Alternative energy is produced from many sources. In fact, ONU’s campus currently utilizes three of the most common forms of renewable energy —wind, solar and geothermal. But engineering students Evan Iles of Wadsworth, Ohio, Peter Langenkamp of Coldwater, Ohio, Jeff Schulte of Genoa, Ohio, and Nate Gannon of Ada, Ohio, used their senior capstone research project to explore another form— algae.

Algae can be used to make organic alternatives to fossil fuels. Through photosynthesis, algae converts carbon dioxide into oil, which can then be refined into combustible biofuels. Algae occurs naturally all over the world in ponds, rivers and oceans, but the capstone team set out to develop the best possible environment for multiple species of algae to grow in the form of a multispecies algae bioreactor.

The bioreactor is a 500-gallon tank that simulates a naturally occurring pond. Advisor Dr. Robert Verb, a professor in ONU’s biology department, helped the team understand the ecology of natural ponds, while engineering professors Drs. Eric Baumgartner and Hui Shen guided the students in building the bioreactor.

“My role was to assist the students in building a functional knowledge base as it related to different types of algae, where they grow, and the variables —light, nutrients, temperature etc.— they require for optimal growth,” said Verb.

PVC pipes were used to replicate plant stalks, which provide support for algae colonies to form. The team studied how the various types of algae, commonly referred to as “floaters, sinkers and grabbers,” formed in the bioreactor. The tank was filled with a combination of freshwater and wastewater from the Ada wastewater plant, which provided nutrients to the algae. An added benefit of using algae for an energy source is its ability to recycle organic waste material.

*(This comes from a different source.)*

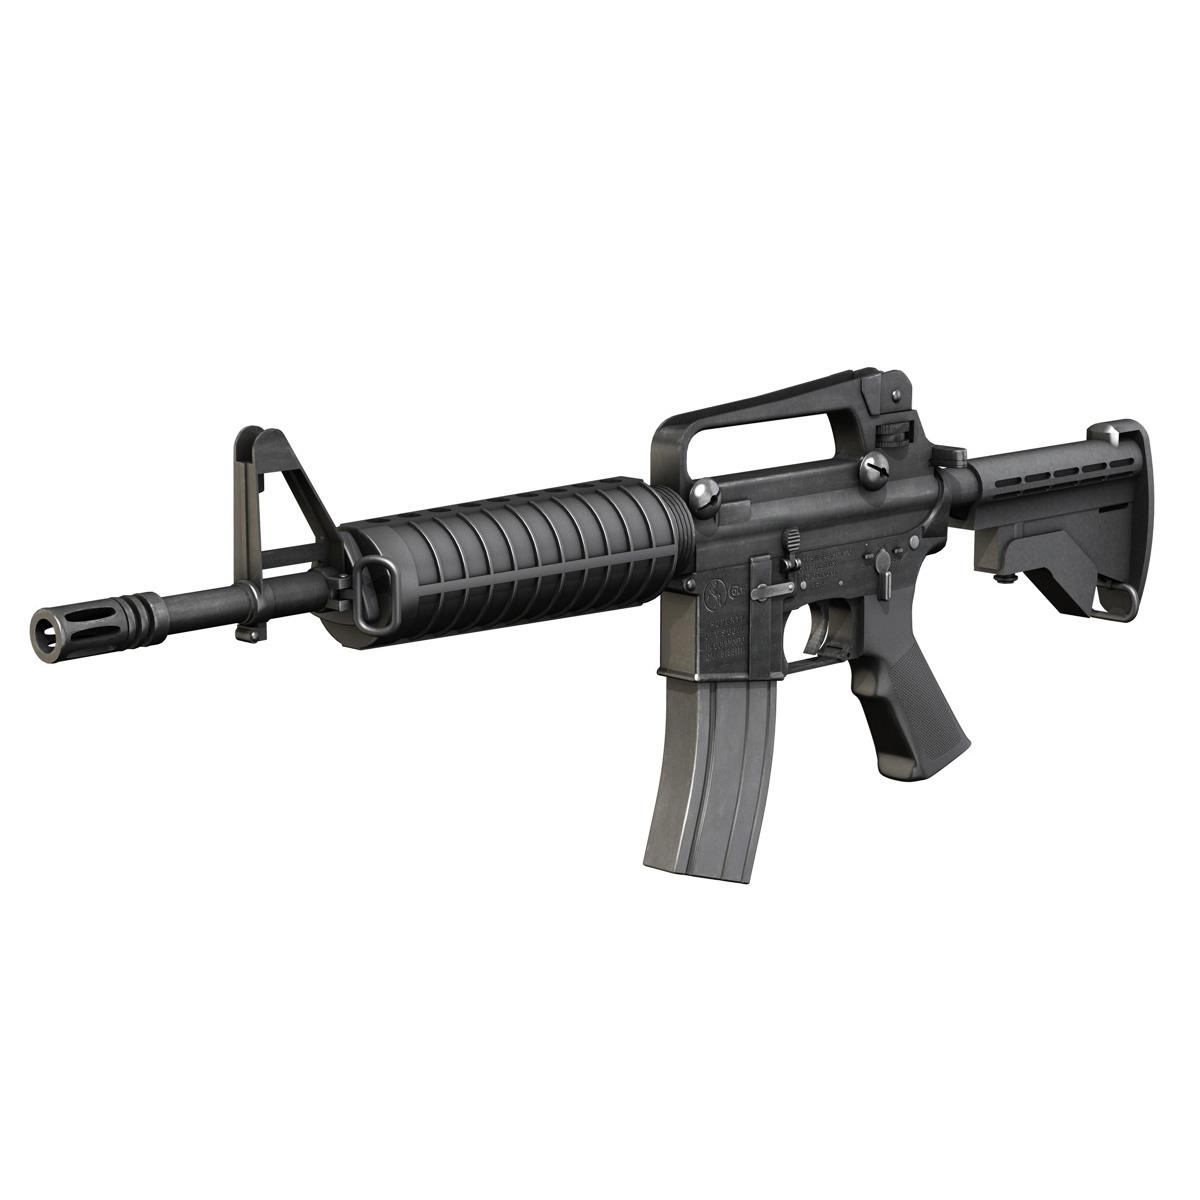 colt m4 commando assault rifle 3d model 3ds fbx c4d lwo obj 187496

Growing algae is only the first step in the process. Harvesting the tiny green plants is not easy. In fact, the first filtration process used by the team didn’t work. Eventually they were able to separate enough algae from a measured amount of water and dry it to calculate the amount of algae their bioreactor was producing.

By far, the most difficult part of the project was keeping expenses down. The reason of growing multiple species of algae, rather than a single “high lipid” or oil-producing strain is lower costs. Most current research, team members say, involves growing a single high lipid strain that requires expensive, highly controlled scientific environments.

By focusing on multiple species, the team believes that less money, time and energy can be used to produce a large amount of the raw product. The team hopes future capstone teams will continue where they left off to refine the multispecies algae bioreactor into a viable energy producer.